Vangelo di oggi 25 Giugno 2022

Il Vangelo di oggi sabato 25 Giugno 2022 è il passo Lc 2,41-51. La meditazione del Vangelo è affidata al commento di Papa Francesco.

Il Vangelo di oggi sabato 25 Giugno 2022 è tratto dal Vangelo di Luca il passo è Lc 2,41-51; segue come accompagnamento di spiegazione al vangelo del giorno il pensiero di Papa Francesco.

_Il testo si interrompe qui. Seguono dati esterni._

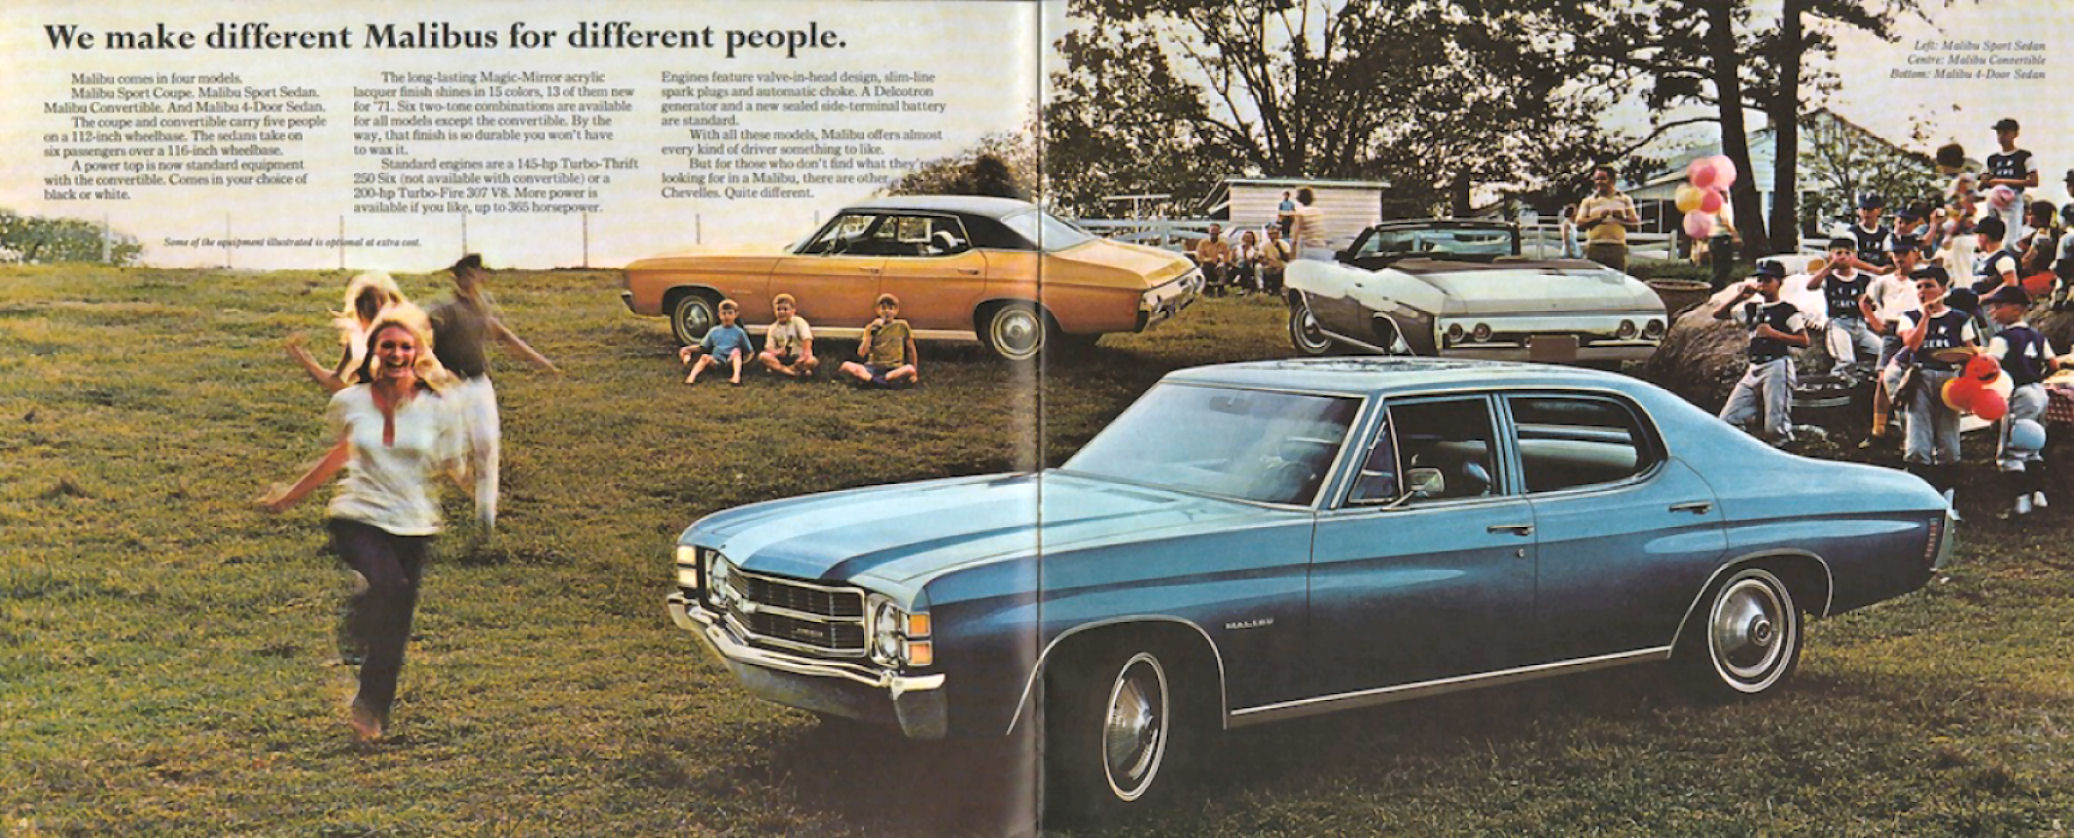 1971_Chevrolet_Chevelle_Cdn-04-05
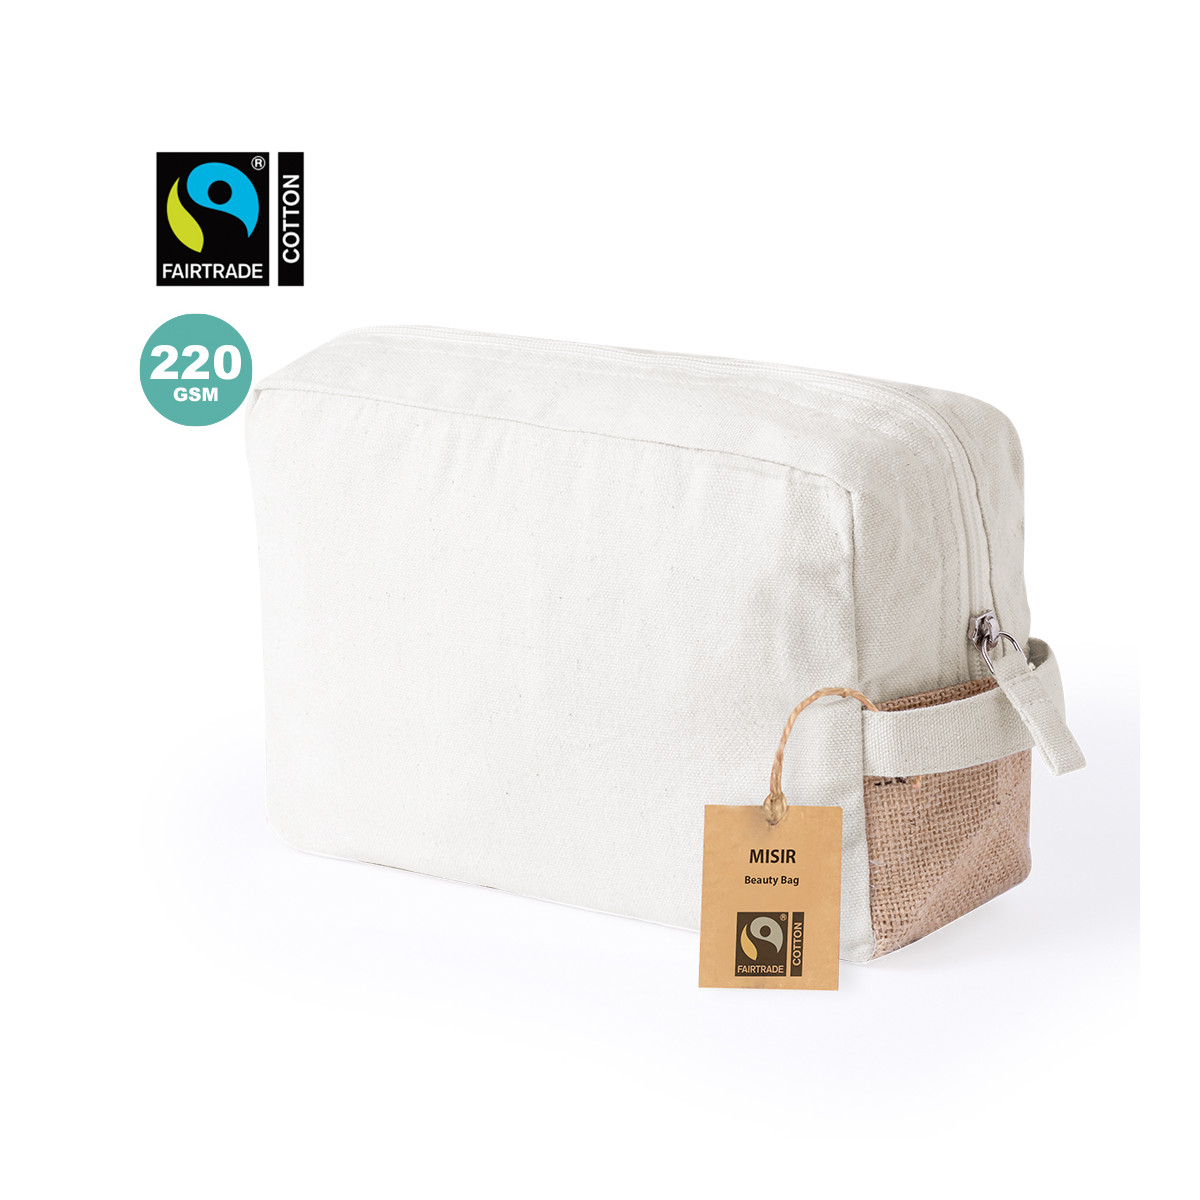 Neceser de algodón 100% Fairtrade con detalles de yute - Neceser Misir Fairtrade

Vangelo di oggi sabato 25 Giugno 2022

Dal Vangelo secondo Luca : 2,41-51





Tuo padre e io, angosciati, ti cercavamo.

I genitori di Gesù si recavano ogni anno a Gerusalemme per la festa di Pasqua. Quando egli ebbe dodici anni, vi salirono secondo la consuetudine della festa. Ma, trascorsi i giorni, mentre riprendevano la via del ritorno, il fanciullo Gesù rimase a Gerusalemme, senza che i genitori se ne accorgessero. Credendo che egli fosse nella comitiva, fecero una giornata di viaggio, e poi si misero a cercarlo tra i parenti e i conoscenti; non avendolo trovato, tornarono in cerca di lui a Gerusalemme.

Dopo tre giorni lo trovarono nel tempio, seduto in mezzo ai maestri, mentre li ascoltava e li interrogava. E tutti quelli che l'udivano erano pieni di stupore per la sua intelligenza e le sue risposte.

Signore, ti prego col cuore

Al vederlo restarono stupiti, e sua madre gli disse: «Figlio, perché ci hai fatto questo? Ecco, tuo padre e io, angosciati, ti cercavamo». Ed egli rispose loro: «Perché mi cercavate? Non sapevate che io devo occuparmi delle cose del Padre mio?». Ma essi non compresero ciò che aveva detto loro.

Scese dunque con loro e venne a Nàzaret e stava loro sottomesso. Sua madre custodiva tutte queste cose nel suo cuore.

Parola del Signore

Vangelo di oggi commento di Papa Francesco

Qui di seguito si può leggere un commento di Papa Francesco al Vangelo di oggi 25 Giugno 2022.

Nella famiglia di Nazareth non è mai venuto meno lo stupore, neanche in un momento drammatico come lo smarrimento di Gesù: è la capacità di stupirsi di fronte alla graduale manifestazione del Figlio di Dio. È lo stesso stupore che colpisce anche i dottori del tempio, ammirati «per la sua intelligenza e le sue risposte» (v. 47).

Ma cos’è lo stupore, cos’è stupirsi? Stupirsi e meravigliarsi è il contrario del dare tutto per scontato, è il contrario dell’interpretare la realtà che ci circonda e gli avvenimenti della storia solo secondo i nostri criteri.